What needs to be done: The whole listing, except its pictures, is to be repeated exactly.

Collected material:
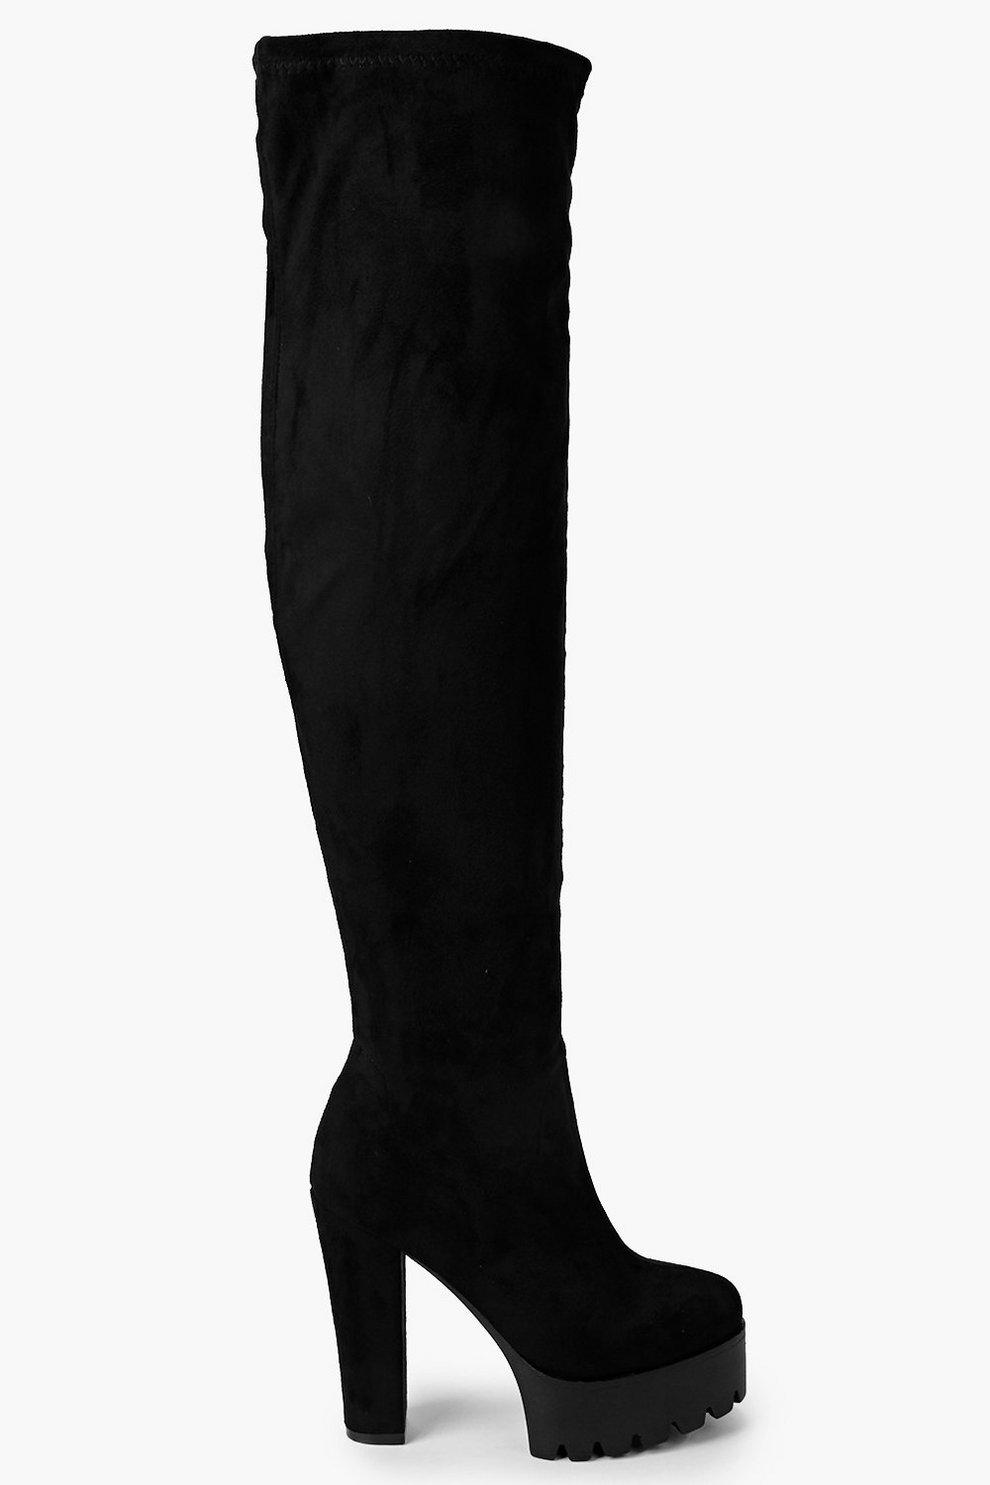 comprare on line 7eee2 2bb42 Scarpe con plateau e suola a carrarmato stivali alti alla coscia
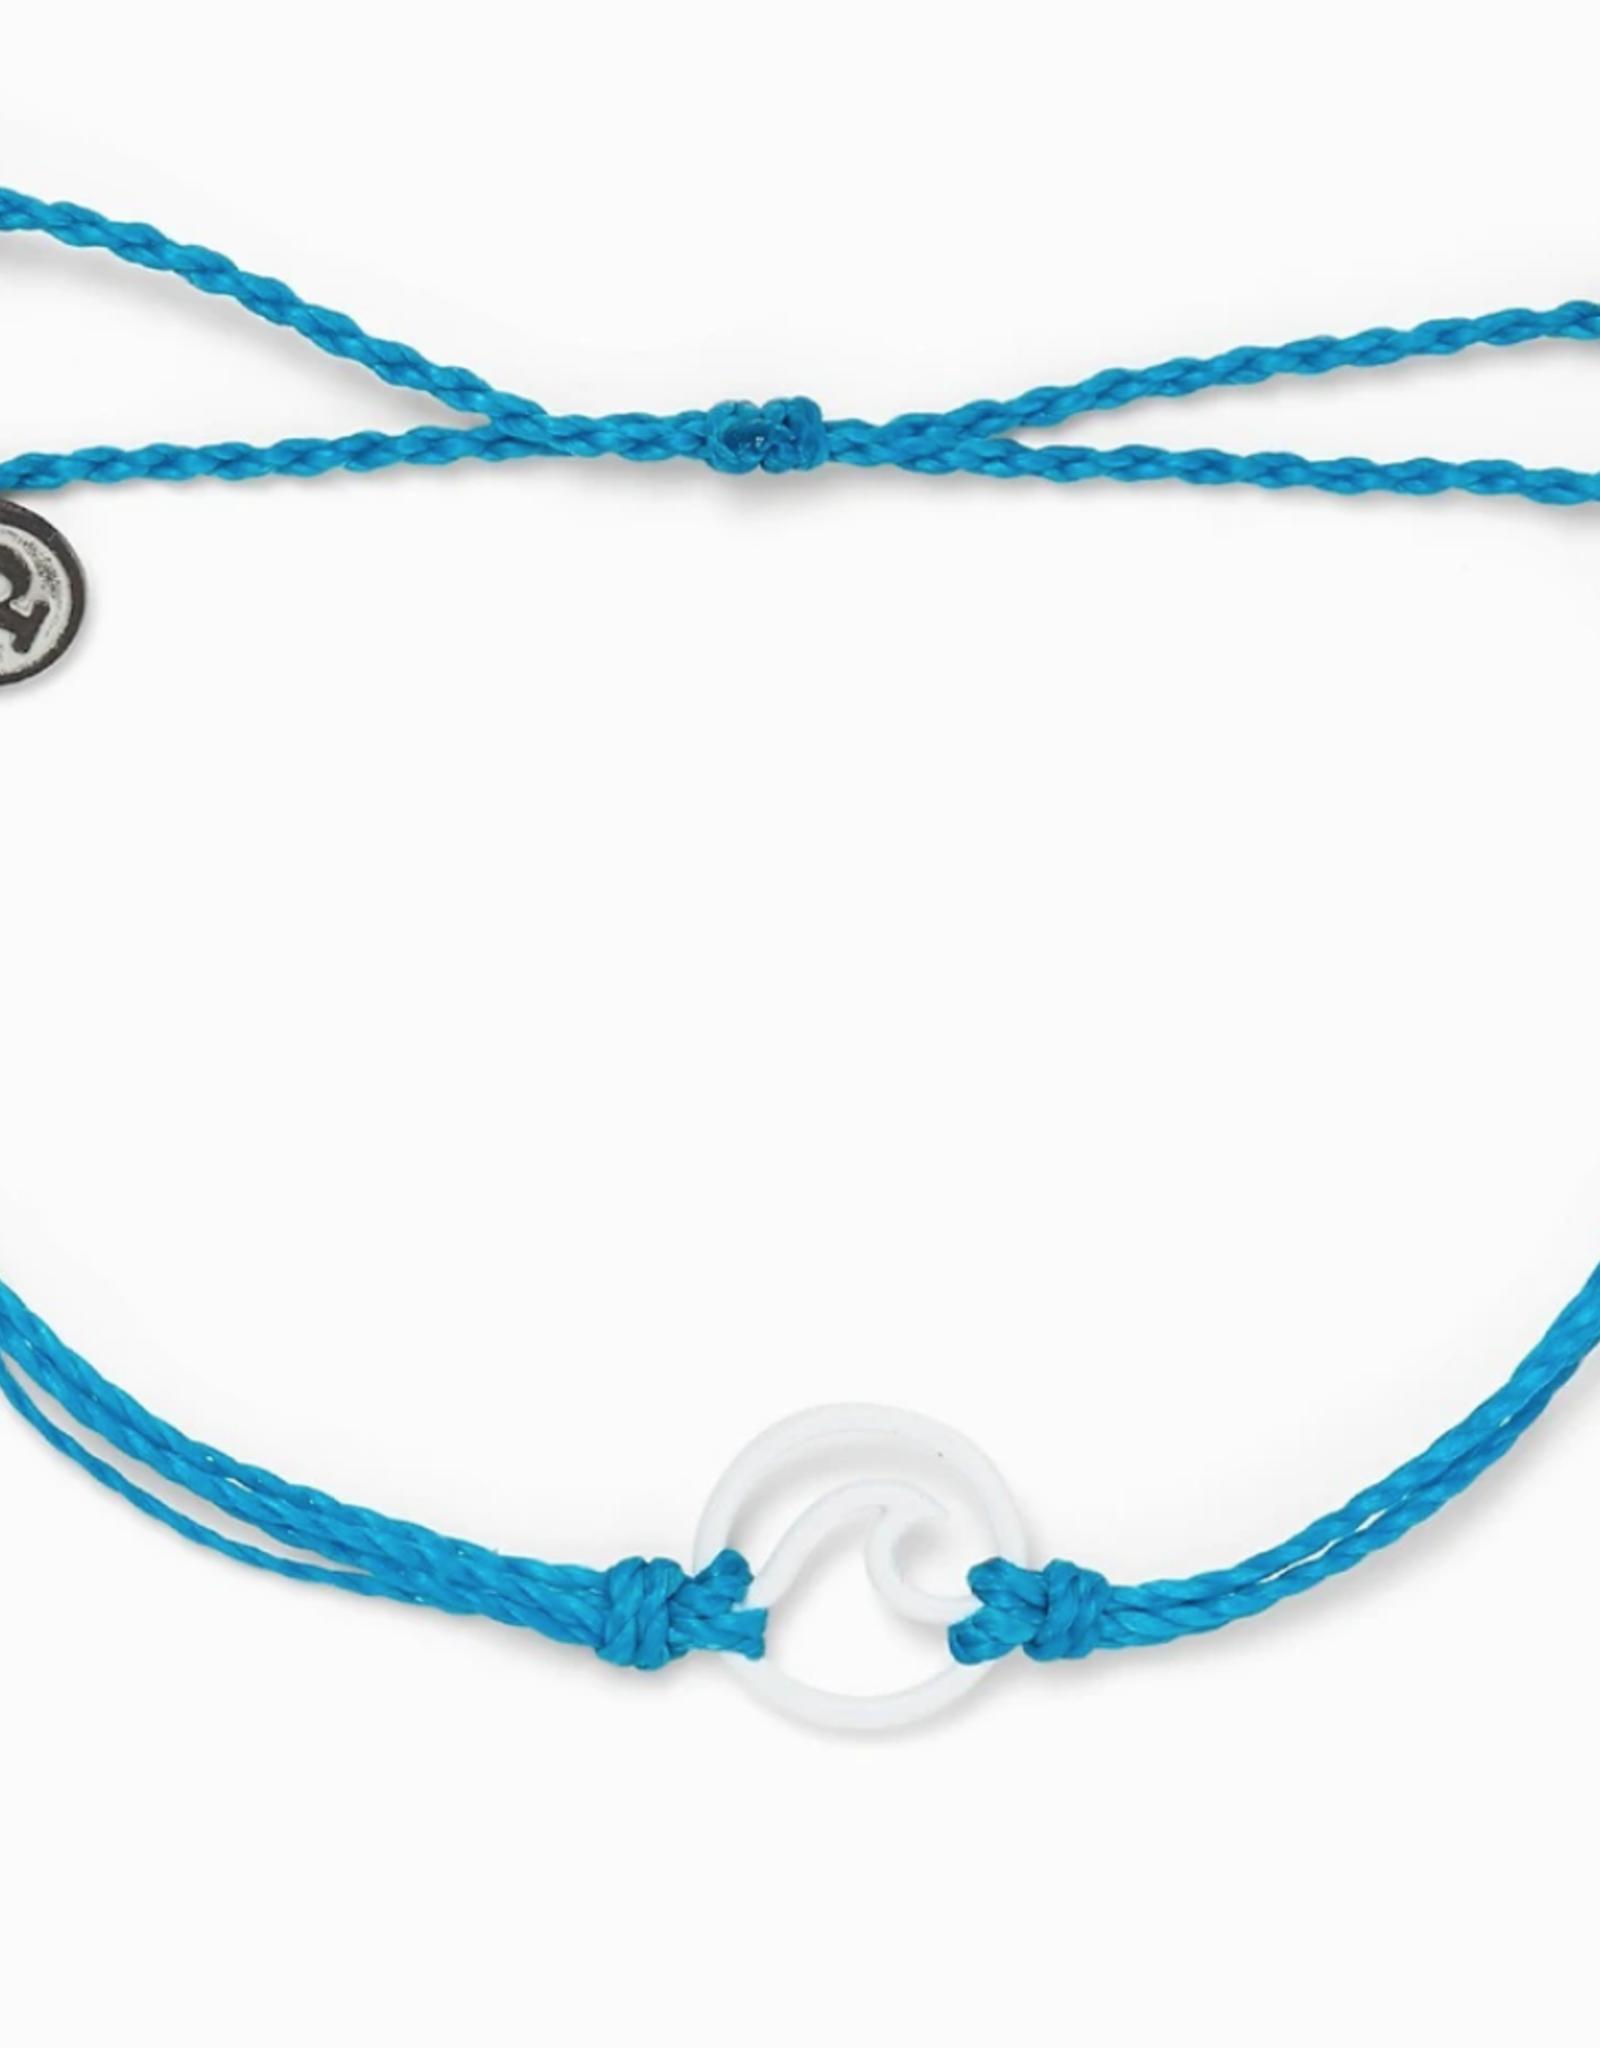 Pura Vida Pura Vida - Charm Bracelet Enamel Wave - Neon Blue
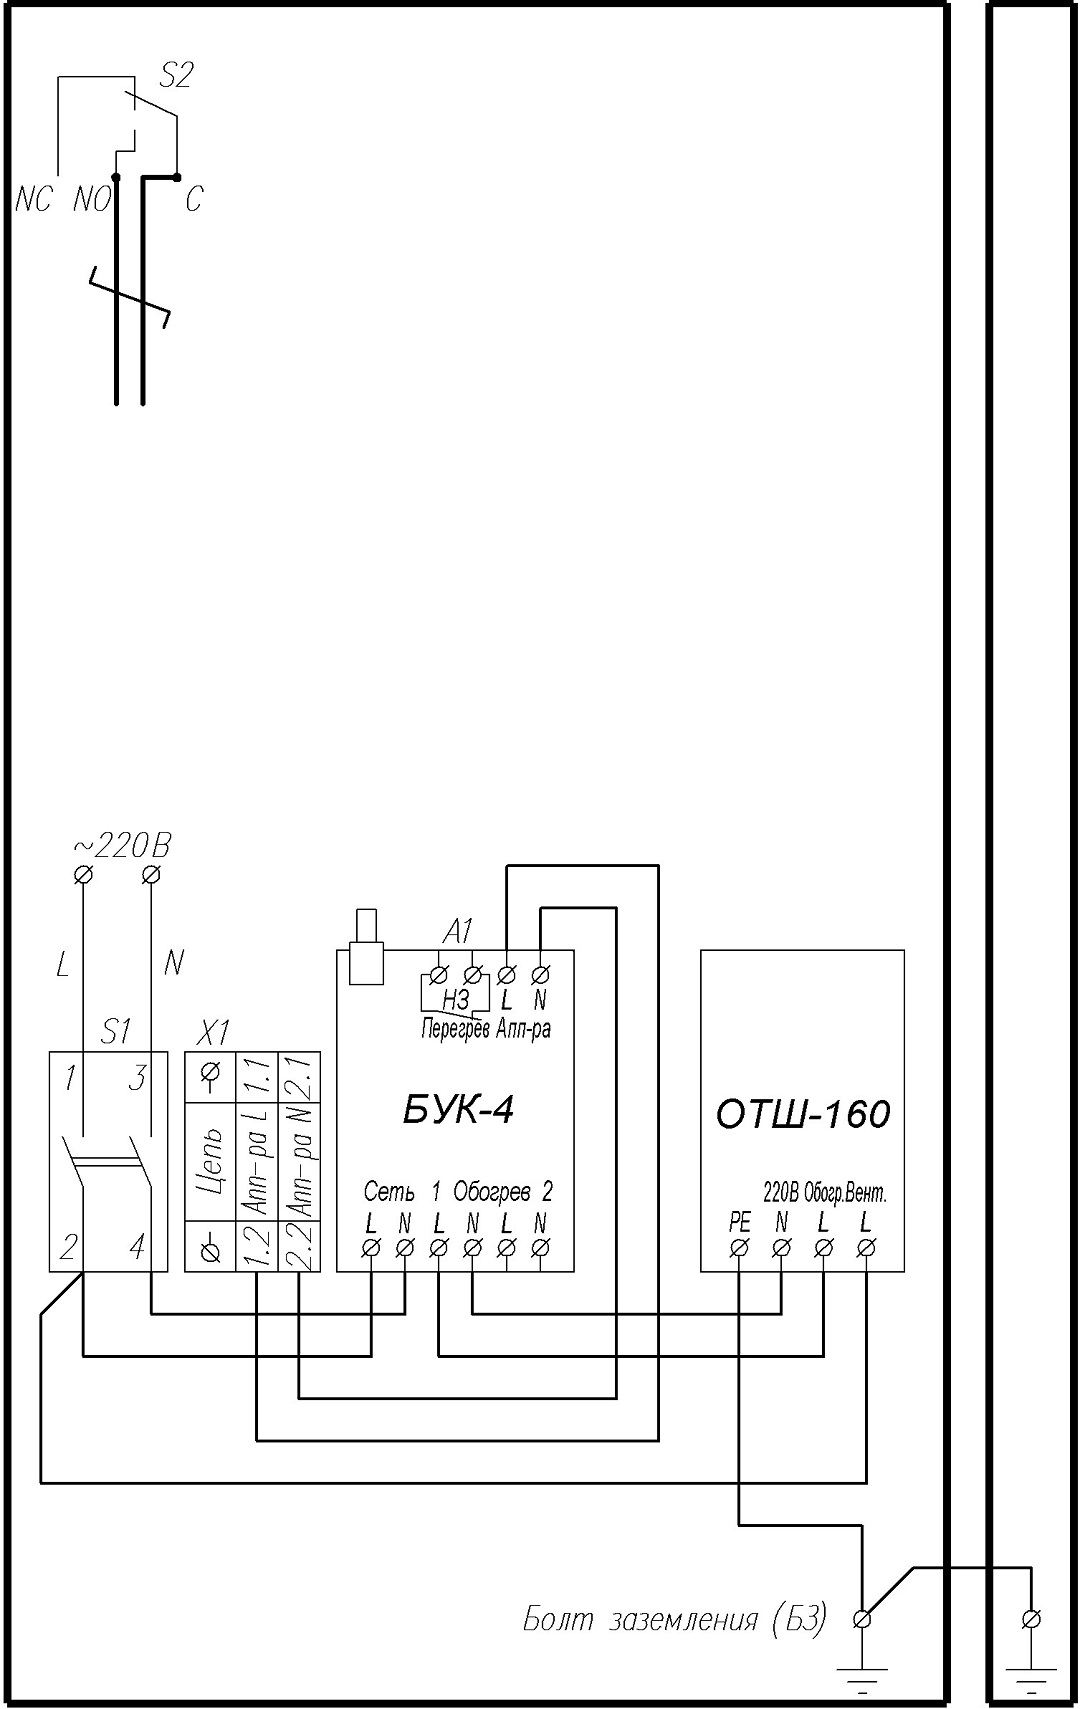 Схема электрическая принципиальная ТШ-1

Exercise result:
 comprare on line 7eee2 2bb42 Scarpe con plateau e suola a carrarmato stivali alti alla coscia
 Pura Vida Pura Vida - Charm Bracelet Enamel Wave - Neon Blue
 Схема электрическая принципиальная ТШ-1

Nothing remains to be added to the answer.